OP Flowers you sound like a fabulous dad and to be honest the character assassination you've experience in this thread is disgusting and the worst I've seen of mumsnet. I hope you and your wife work things out.

GraysAnalogy · 18/08/2015 12:33

Me too owl, if that doesn't shut people up nothing will. I hope people read that and have a long hard think about what shite they've been posting.

Iamatotalandutteridiot · 18/08/2015 12:33

Well, no, Koal because the current wife's excess money in going into the pot to pay Ex wife OTO CSA...

nulgirl · 18/08/2015 12:33

Lots of posters on this thread seem incredibly immature and think that the wife should get what she wants because she's female and her urge to procreate should be pandered to at any cost to her partner or the rest of the family. This attitude does the general female population no favours as it makes us appear all appear completely irrational and at the mercy of our hormones.

sharonthewaspandthewineywall · 18/08/2015 12:34

I think it's vile how people are referring to the ops son as if he's not a valid sibling because of his special needs ffs. It's almost like people are saying his daughter needs a 'proper' sibling. Well sorry to break it to you guys there is no guarantee in life that even if OP and his wife had another child it would be NT and be able to play with it's sister and help look after it's elderly parents and other such bollocks that people on here are coming out with.
As for people calling OPs daughter an only child as that's what she effectively is (?) you ought to be ashamed of yourselves

GeorgeYeatsAutomaticWriter · 18/08/2015 12:34

I feel really sad numbertwelve has had yo post that. Some of you ought yo be ashamed of yourselves

Agree Owlllady.

Iamatotalandutteridiot your assumptions are increasingly nasty.

be prepared for your current wife to not be happy with the long term arrangements of her working her backside off for your comfortable life.

For fuck sake.
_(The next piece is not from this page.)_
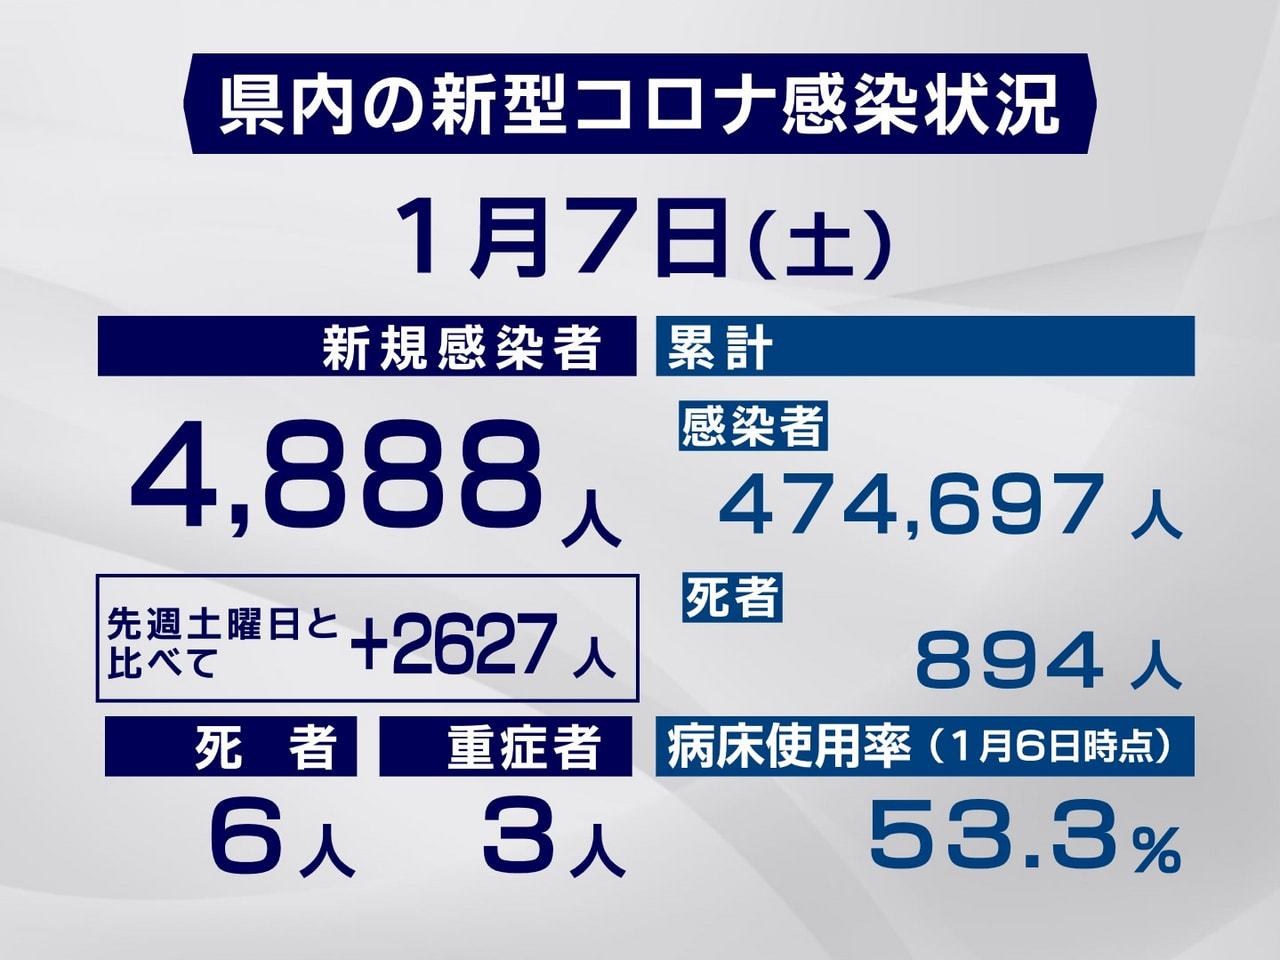 岐阜県と岐阜市は７日、新型コロナウイルスの感染者が新たに４８８８人、また、６人の...

Shame on you. Do you think the OP's most recent post sounds like an easy life?

horseygeorgie · 18/08/2015 12:35

Jeez, this site gets worse by the day. Seriously unfair comments on here. It is EVERYONES right to change their mind about having more children, male OR female and for whatever reason. No justification needs to be given and you lot are a vicious nest of vipers.

Koalafications · 18/08/2015 12:35

but please be prepared for your current wife to not be happy with the long term arrangements of her working her backside off for your comfortable life.

Where are you getting that from?! Confused Hmm

They both work full time.

Koalafications · 18/08/2015 12:36

Well, no, Koal because the current wife's excess money in going into the pot to pay Ex wife OTO CSA...

And the OP has already said that his son needs more money because he is quite destructive.

Where has it been suggested that the OP is contributing to his ex wife's other DC?

GeorgeYeatsAutomaticWriter · 18/08/2015 12:36

Well, no, Koal because the current wife's excess money in going into the pot to pay Ex wife OTO CSA...

Perhaps if you actually bothered to READ the OP's posts instead of projecting and making assumptions, Iamatotalandutteridiot you would realise that his CSA contributions come out of his earnings and not from any joint pot.

GraysAnalogy · 18/08/2015 12:37

Well, no, Koal because the current wife's excess money in going into the pot to pay Ex wife OTO CSA...

Well what exactly would you suggest they do then Iam? It's what bloody happens when one partner earns more than another. Instead of thinking abut is as paying the CSA, perhaps think about it as her paying more towards the mortgage or other bills as she has more free spends. This is what MOST families do. My partner pays more towards the mortgage so I can have some money to spend on things, because he earns more than me. Otherwise one of us would have free spends and the other would be brassick.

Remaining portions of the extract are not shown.